Number of Features per Taxon

Stream_biofilm · January 18, 2018, 7:23pm

Hello everyone,

I was wondering if there is a way to use qiime taxa collapse and output the number of features within each taxon. For example, collapse my data by phylum and show how many features fall into each phylum per sample. Currently I believe the value given is read counts.

Cheers,
Danny

jakereps · January 18, 2018, 11:30pm

I'm not sure if this is immediately available through native plugin functionality, but if you wanted, you could use an interactive session and the Artifact API to figure this out with the help of something like pandas.

import qiime2
import pandas as pd

# Create helper function to split the taxonomy classification strings
def get_level(taxon, level=5):
    taxa = taxon.split(';')
    taxa.extend([''] * (7 - (len(taxa) - 1)))
    return taxa[level].split('__')[-1]

# load and transform the feature metadata artifact into a series
features = qiime2.Artifact.load('path/to/my/feature/classification.qza')
features = features.view(pd.Series)

# Run the get_level function through the series with a default of 5 for genus
# Alternatively you can run:
#     features.apply(lambda item: get_level(item, level=#))
# with 0-6 being Kingdom through Species to get other levels
features = features.apply(get_level)

counts = features.value_counts()

After that you would have a series with the index being the genus, and the values being the number of unique features classified as that genus.
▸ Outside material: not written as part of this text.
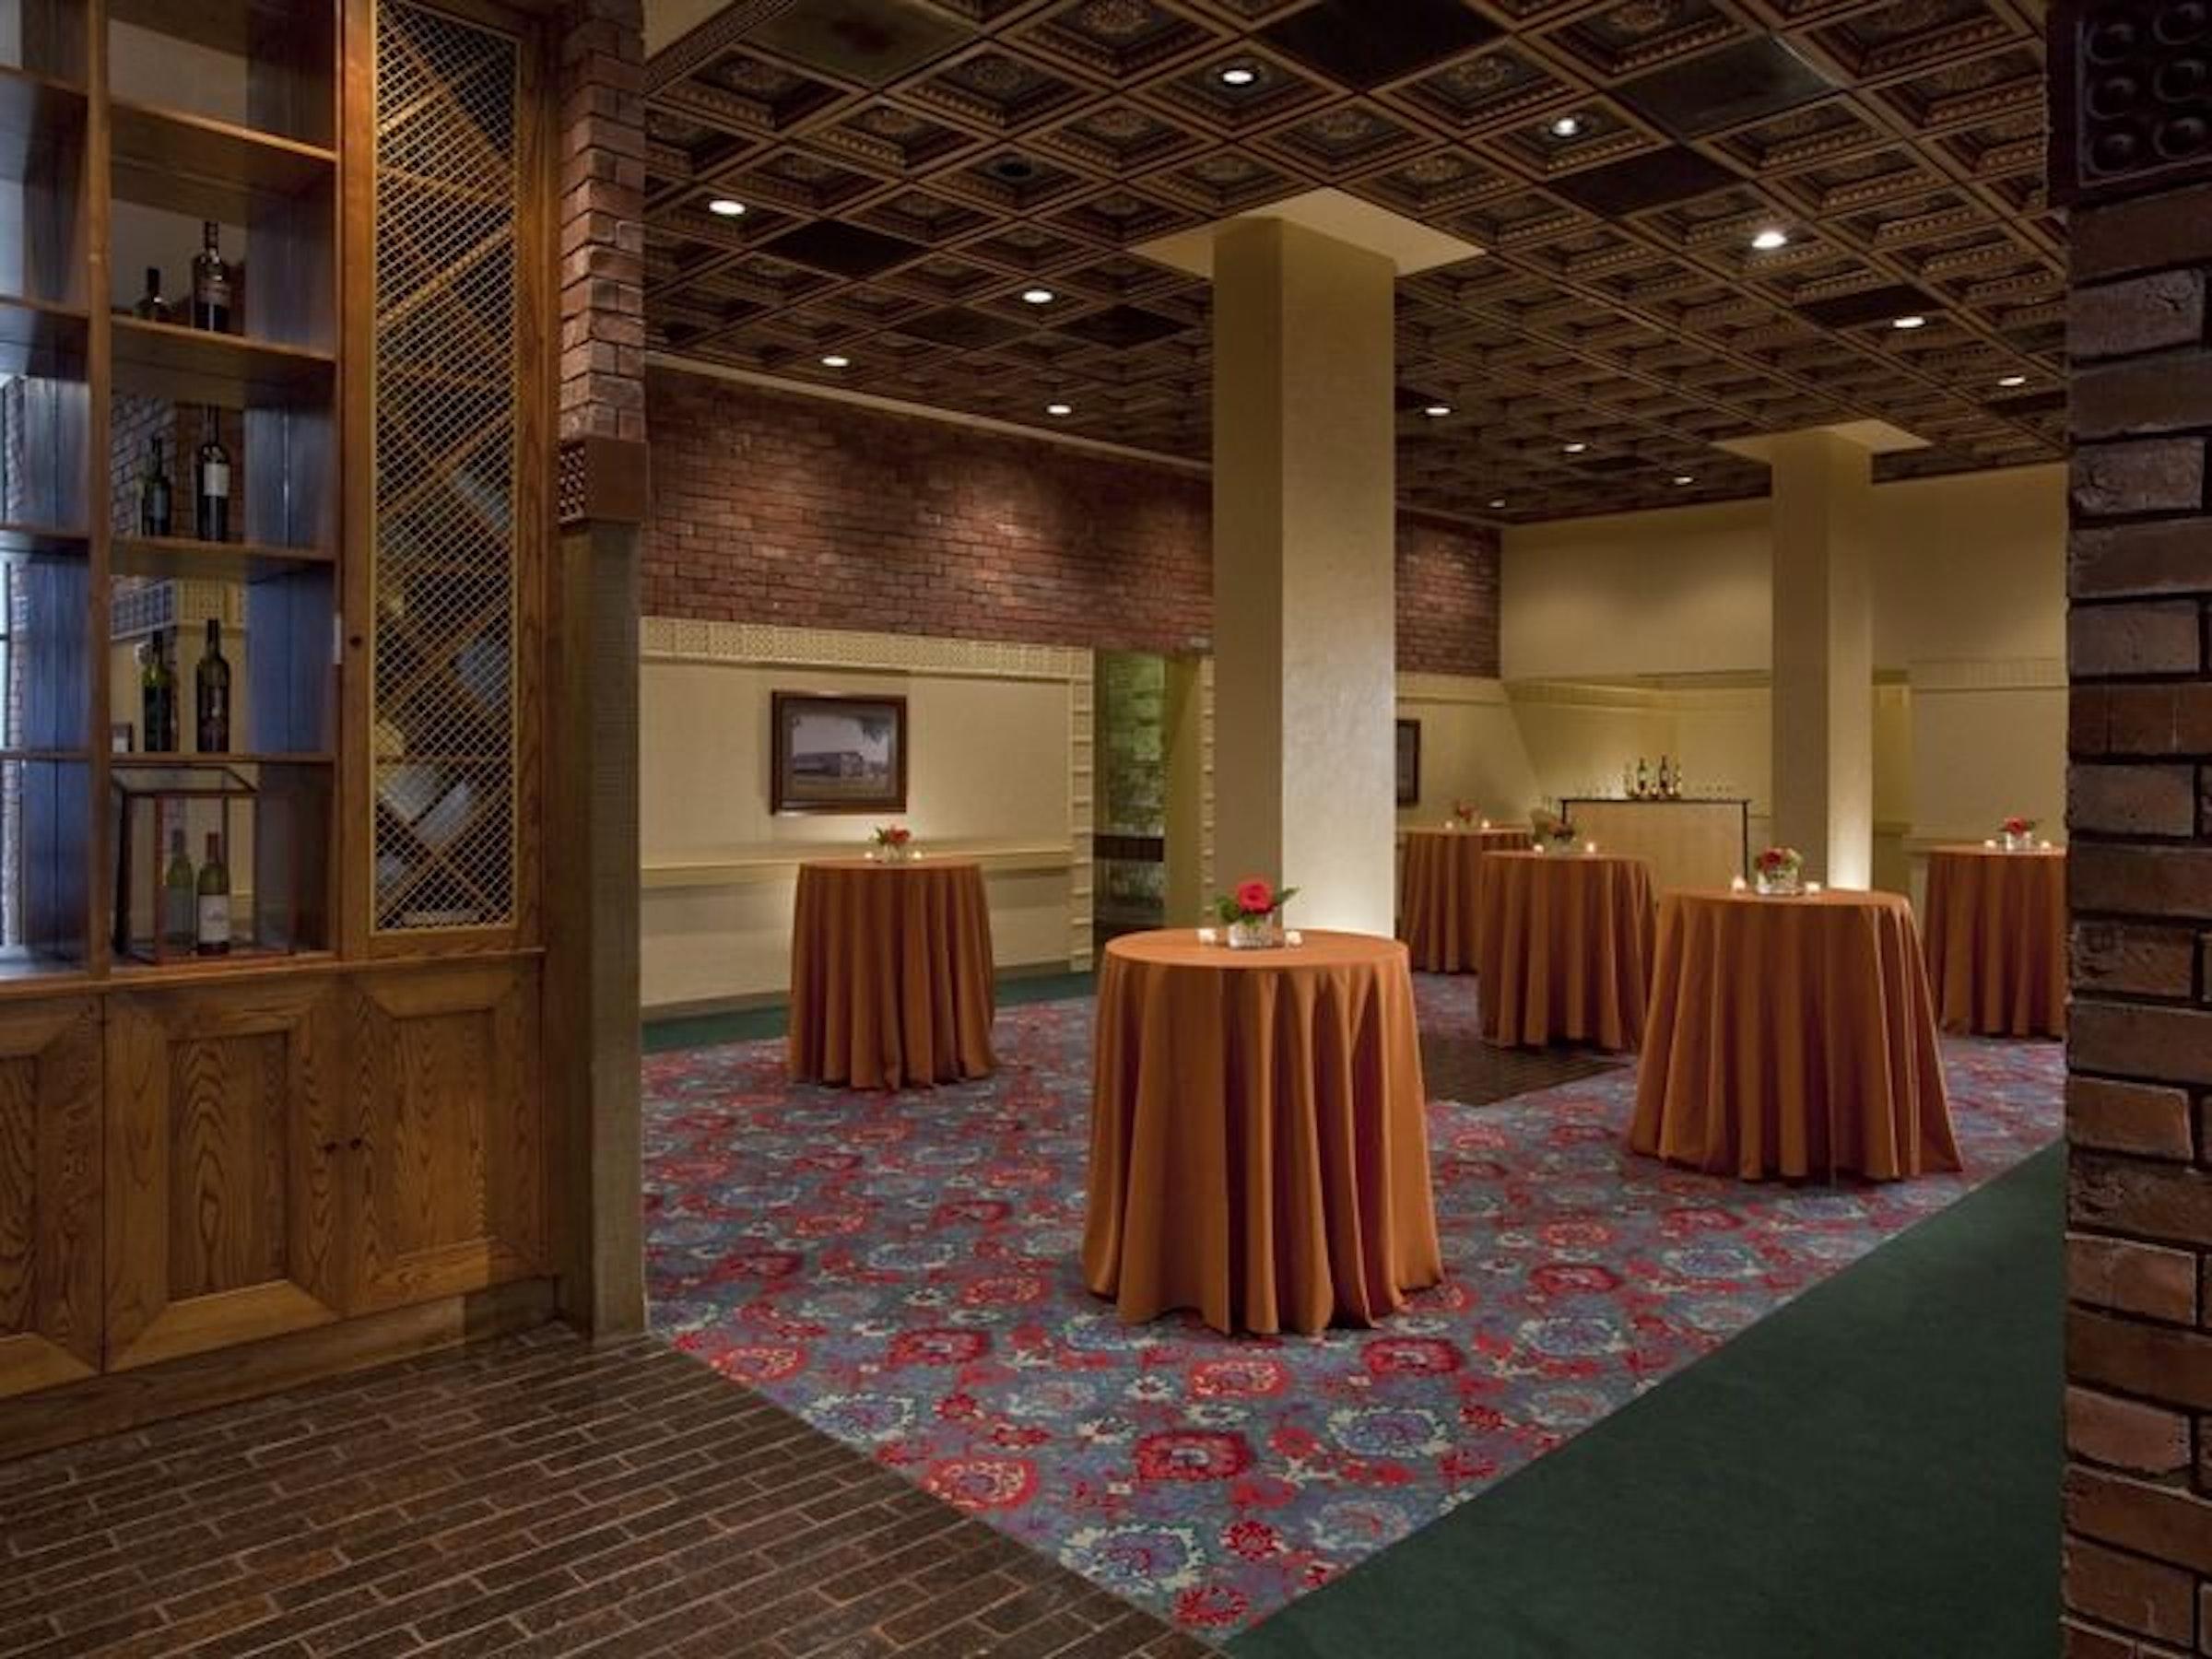 Hyatt Regency DFW Hotel in Beyond Dallas

Stream_biofilm · January 19, 2018, 12:54am

@jakereps I appreciate the suggestion. Im just surprised there is no way to complete the same task through the current plugins in the Q2CLI. I think it could be a very useful addition.

Danny

ebolyen · January 19, 2018, 7:04pm

That does sound handy!

Which do you think would be more useful, another feature-table of taxon-by-feature like this:

               b680bc5baa75aad30af95e910bd99d1d 28643c7006d94784f9157251d9cdf0da
k__foo;p__bar                                50                               70
k__baz;p__qux                                 0                               20

Where the respective feature/read counts still exist, or something more like a "collapse summary":

k__foo;p__bar    2
k__baz;p__qux    1

Which I believe is what @jakereps code will give you.

You could theoretically do some more downstream stuff with the feature-table, but I'm not certain how useful that is in practice.

Nicholas_Bokulich · January 19, 2018, 7:24pm

I think an easy way to implement this in the CLI would be to have collapse accept a FeatureTable[PresenceAbsence]. Then the collapsed table would contain the # of unique ASVs/OTU that belong to each taxon — is that what you are looking for, @Stream_biofilm ?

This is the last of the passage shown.